Сценарий несколько разочаровал нас, хотя мы были готовы к тому, что автору вряд ли удалось сказать что-либо значительное о нашем времени и о нашей борьбе — мы ведь отдавали себе отчет в трудностях, с какими сталкиваются кинодеятели и другие художники при существующем в Испании режиме. Я даже заранее представлял себе, как я скажу: «Мне очень жаль тех денег, которые вы или кто-то еще потратили на то, чтобы доставить меня сюда, но над таким произведением я работать не могу».

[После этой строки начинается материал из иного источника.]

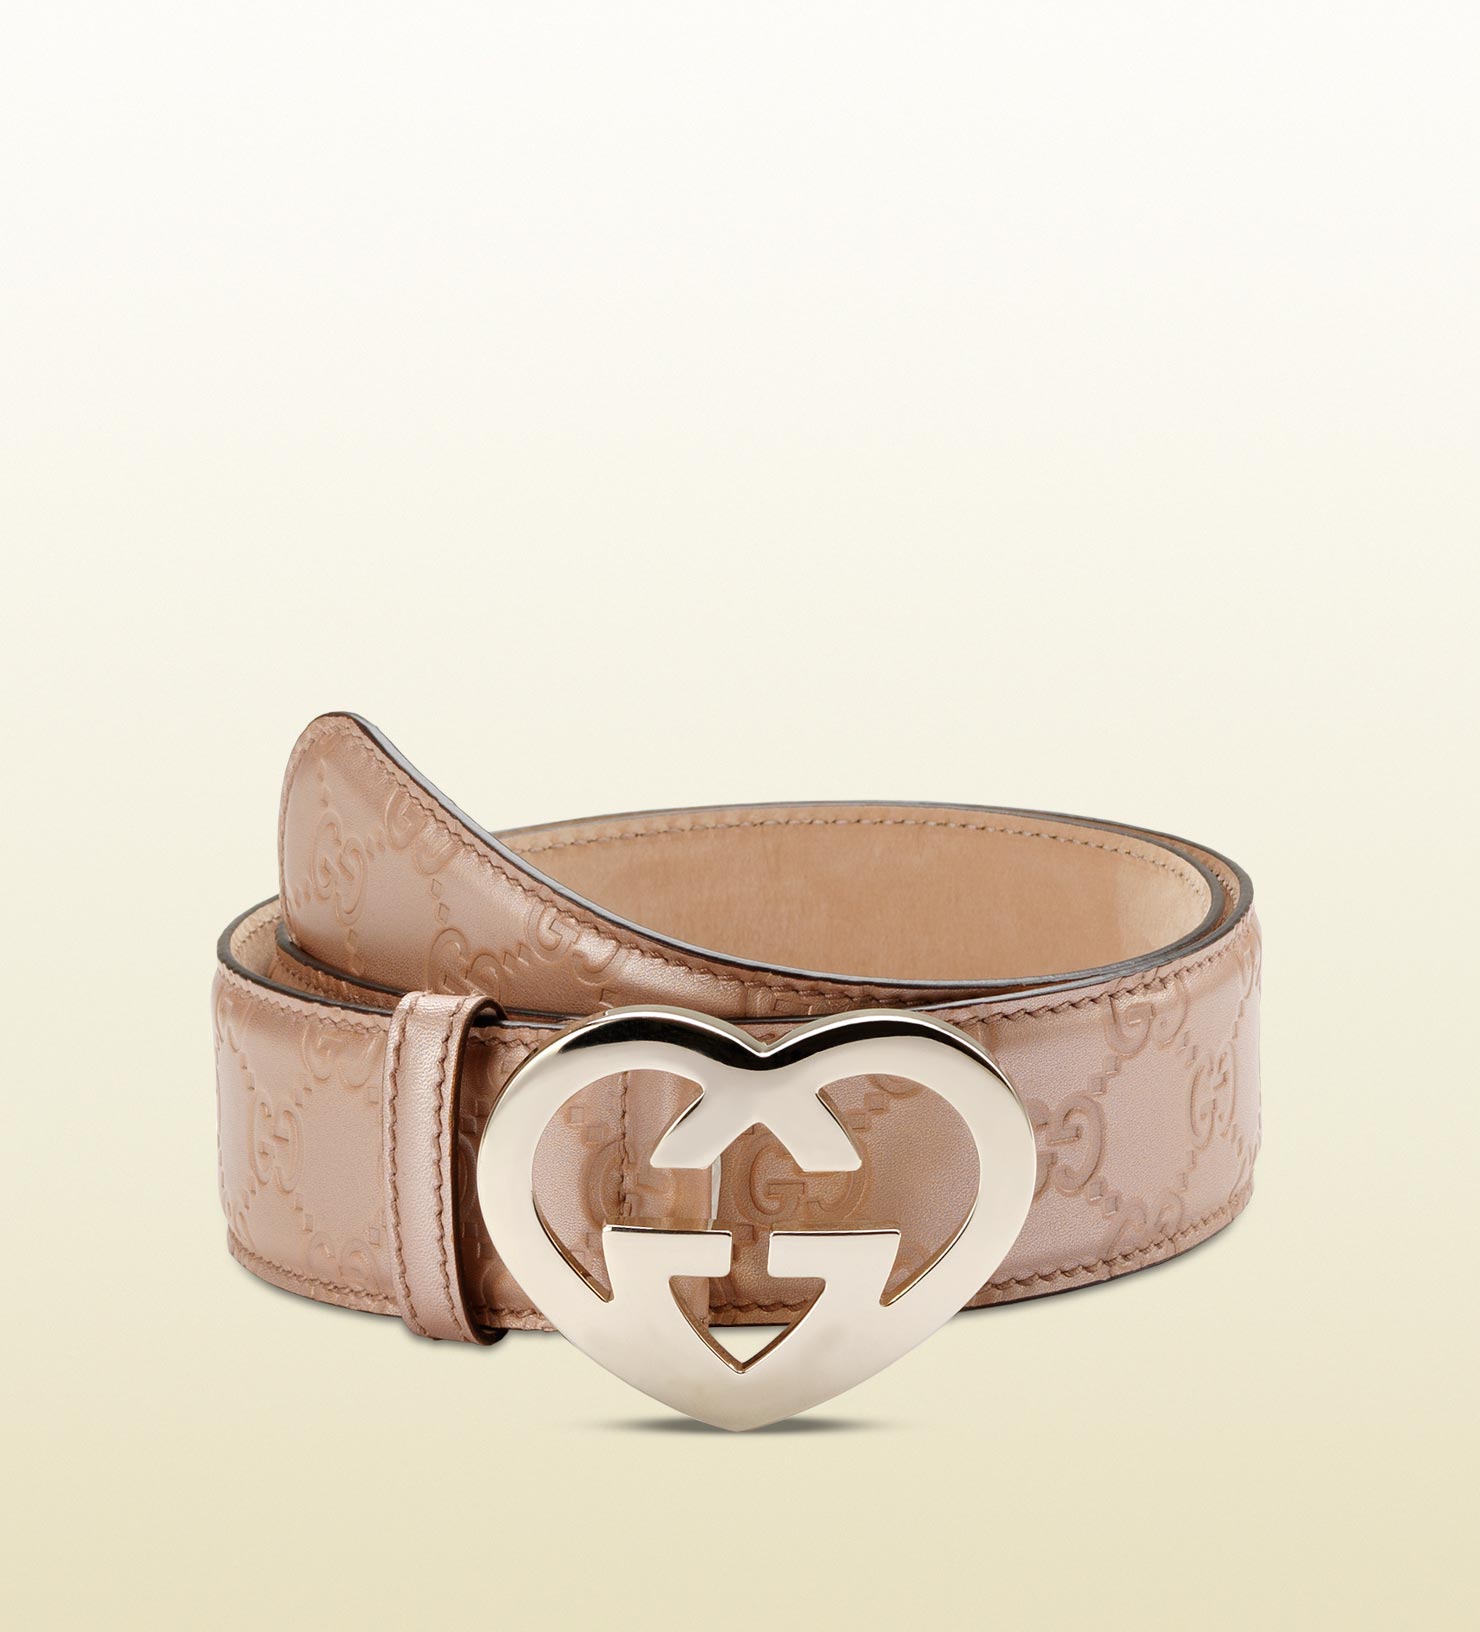 heart shaped gucci belt
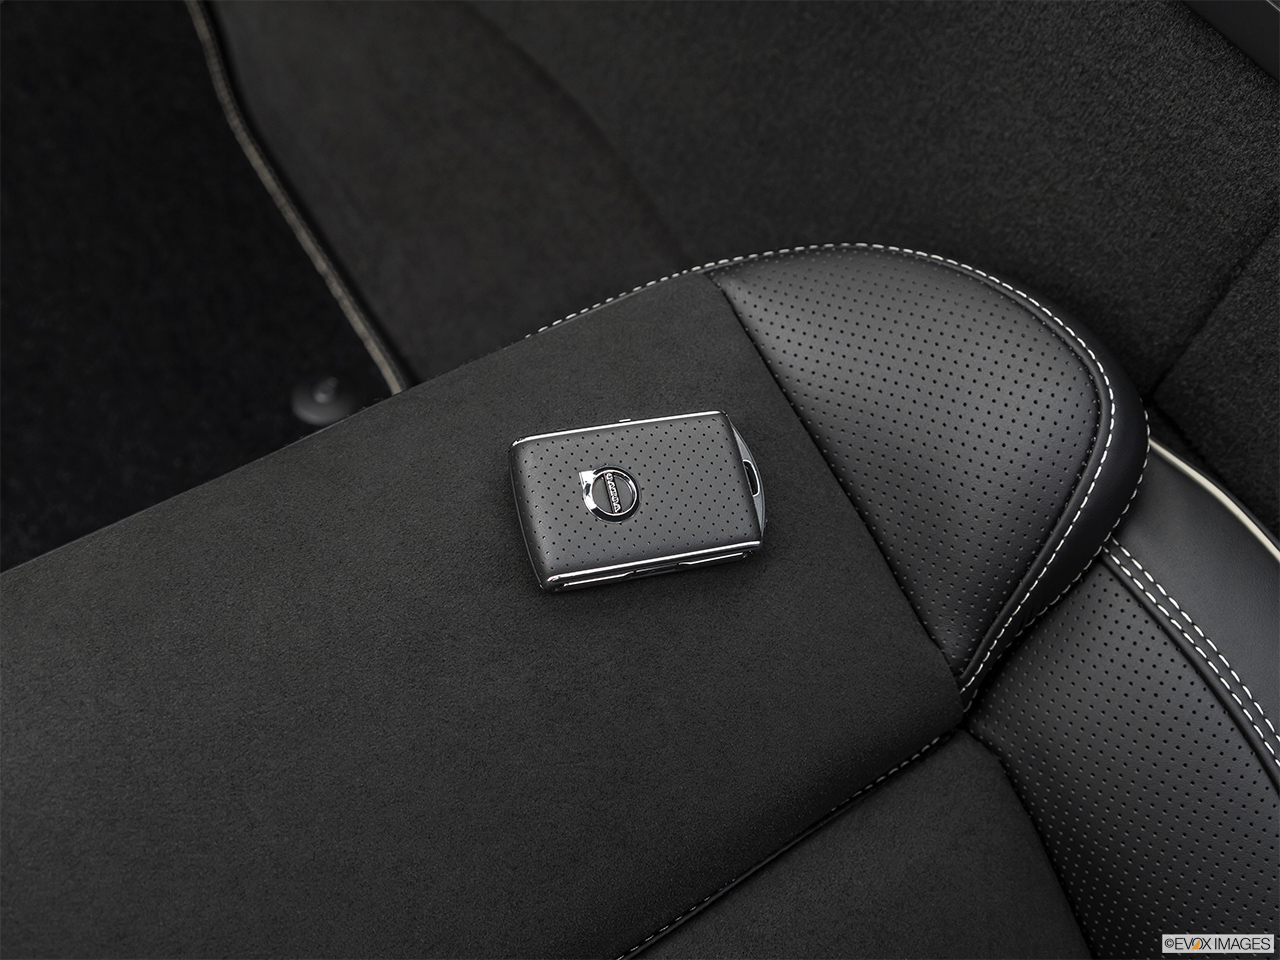 2019 Volvo XC60 T8 R-Design eAWD Plug-in Hybrid Key fob on driver's seat.

Сценарий разочаровал нас потому, что он почти целиком был посвящен роману между Дейвидом Фостером, американским врачом, вновь оказавшимся в Испании, и юной Марией, дочерью медицинской сестры, с которой он работал во время гражданской войны.
Я просто не мог поверить в этот роман. Врачу уже за пятьдесят, девушке двадцать с небольшим, и к тому же она сразу узнает, что он женат (его жена весьма кстати решила уехать на Мальорку, пока будет продолжаться медицинский конгресс), что он пробудет в Испании всего десять дней и что он был возлюбленным ее матери задолго до того, как она появилась на свет.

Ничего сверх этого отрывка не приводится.